# What areas are you living at?



## Shoes (Dec 11, 2012)

Just curious what areas all you people that live in Mexico are living at. Also, would you please share the cost of living for your areas. It seems by what I have read, that all areas have a different COL and life style.

Thanks, Shoes


----------



## sparks (Jun 17, 2007)

If you read thru the threads most people identify where they live on each message. Cost of living depends more on your lifestyle than on location. You could even search for "cost of living" and find a few conversations


----------



## cesar&jody (Feb 22, 2011)

I currently live in Puerto Morelos, between cancun and playa del carmen, but i just moved here from Los Cabos! The cost of living here is much cheaper then there and things like groceries and clothing are a lot less as well.


----------



## mes1952 (Dec 11, 2012)

Anywhere in Mexico where there is a predominance of Americans means higher cost of living. Also if you attempt to live your American lifestyle, i.e., shop at Costco or Walmart or other American businesses, that will increase your COL. Baja is probably the most expensive place to live in Mexico due to the influx of retired Americans. Most Mexicans I've met who come from other parts of Mexico such as Guadalajara or Monterrey or somewhere on the mainland have told me that Baja is more expensive esp. if you are near the border at Tijuana or Rosarito. When I look at grocery store TV ads on Mexico City stations, the prices are definitely less than in Tijuana or Rosarito. Cabo is always been notorious for being very expensive due to all the Americans living there.




cesar&jody said:


> I currently live in Puerto Morelos, between cancun and playa del carmen, but i just moved here from Los Cabos! The cost of living here is much cheaper then there and things like groceries and clothing are a lot less as well.


----------



## Longford (May 25, 2012)

mes1952 said:


> Anywhere in Mexico where there is a predominance of Americans means higher cost of living.


Not necessarily. 



> Also if you attempt to live your American lifestyle, i.e., shop at Costco or Walmart or other American businesses, that will increase your COL.


Believe it or not ... Mexicans, tens of millions of Mexicans, or more, shop at Costco and Wal-Mart ... precisely because it's less expensive to shop there and/or there's greater variety. This notion that "Americans" (and who are they?) may only shop in the big box stores demonstrates a lack of knowledge of Mexico, IMO. 



> Baja is probably the most expensive place to live in Mexico due to the influx of retired Americans.

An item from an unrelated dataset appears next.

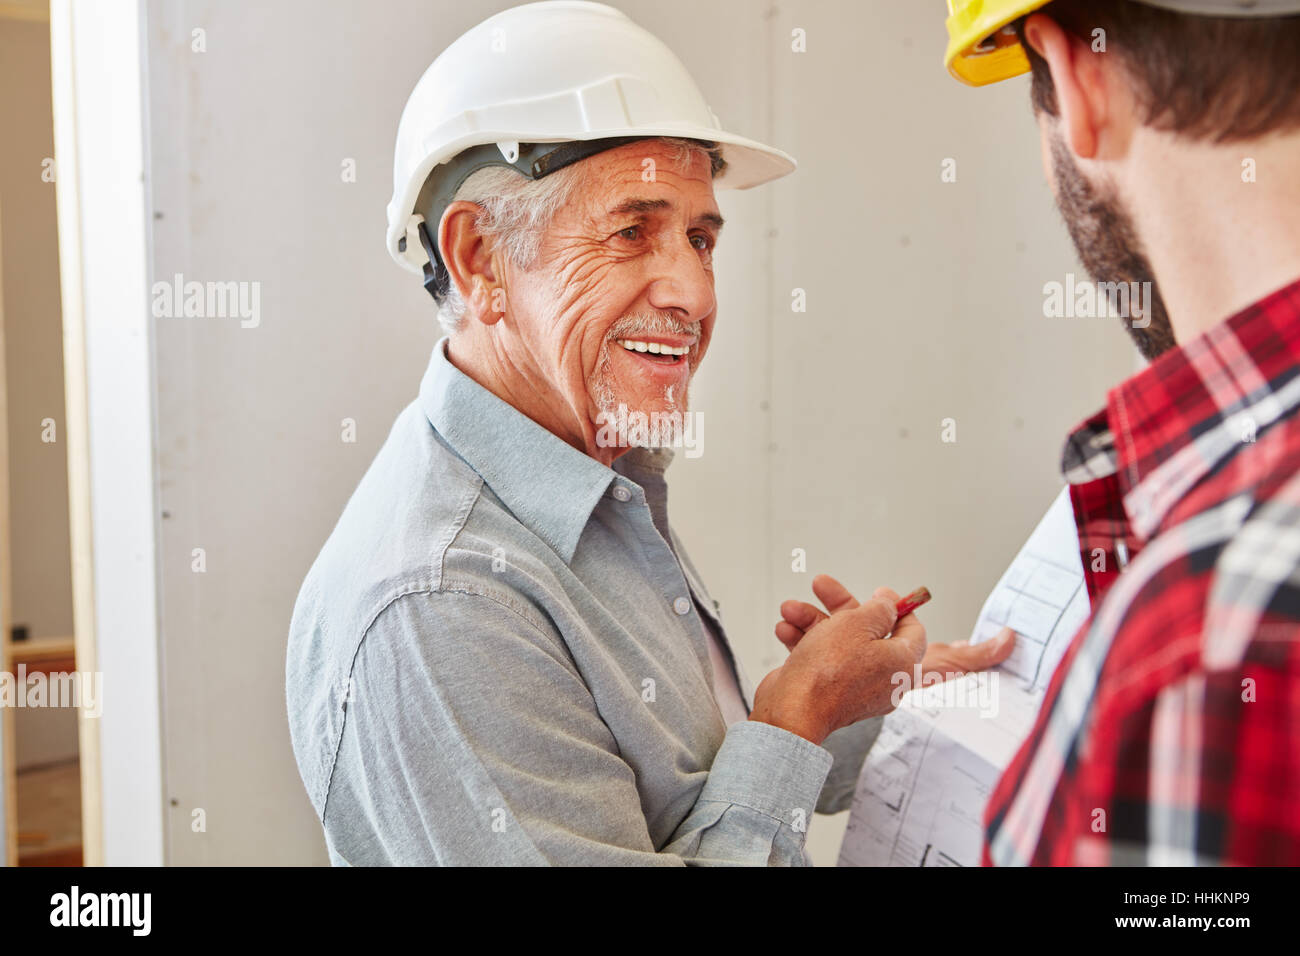 Senior citizen as craftsman with experience cooperating with foreman Stock Photo

Maybe. Maybe not. Depending upon where in Baja one lives. Baja is somewhat isolated from themainland where most of what's consumed in Baja and Baja Sur comes from and, therefore, transportation costs add markedly to the price of goods.


----------



## mickisue1 (Mar 10, 2012)

Longford said:


> Not necessarily.
> 
> 
> 
> ...


Correct me if I'm wrong, but I think the references to Wal-Mart and Costco are to using them to buy groceries that are from the US, not to shop there for, say, diapers.


----------



## Shoes (Dec 11, 2012)

*Thanks for the replys*

Replies greatly appreciated. Thanks


----------



## cuylers5746 (Mar 19, 2012)

*Cost of Living in Mexico*

Hi Shoes;

Just to reiterate a note I made months ago. Cost of living in Mexico. Take your life style and cost to maintain that in most places in USA, excepting some big inner cities like NYC, Chicago, Boston, et. and then.....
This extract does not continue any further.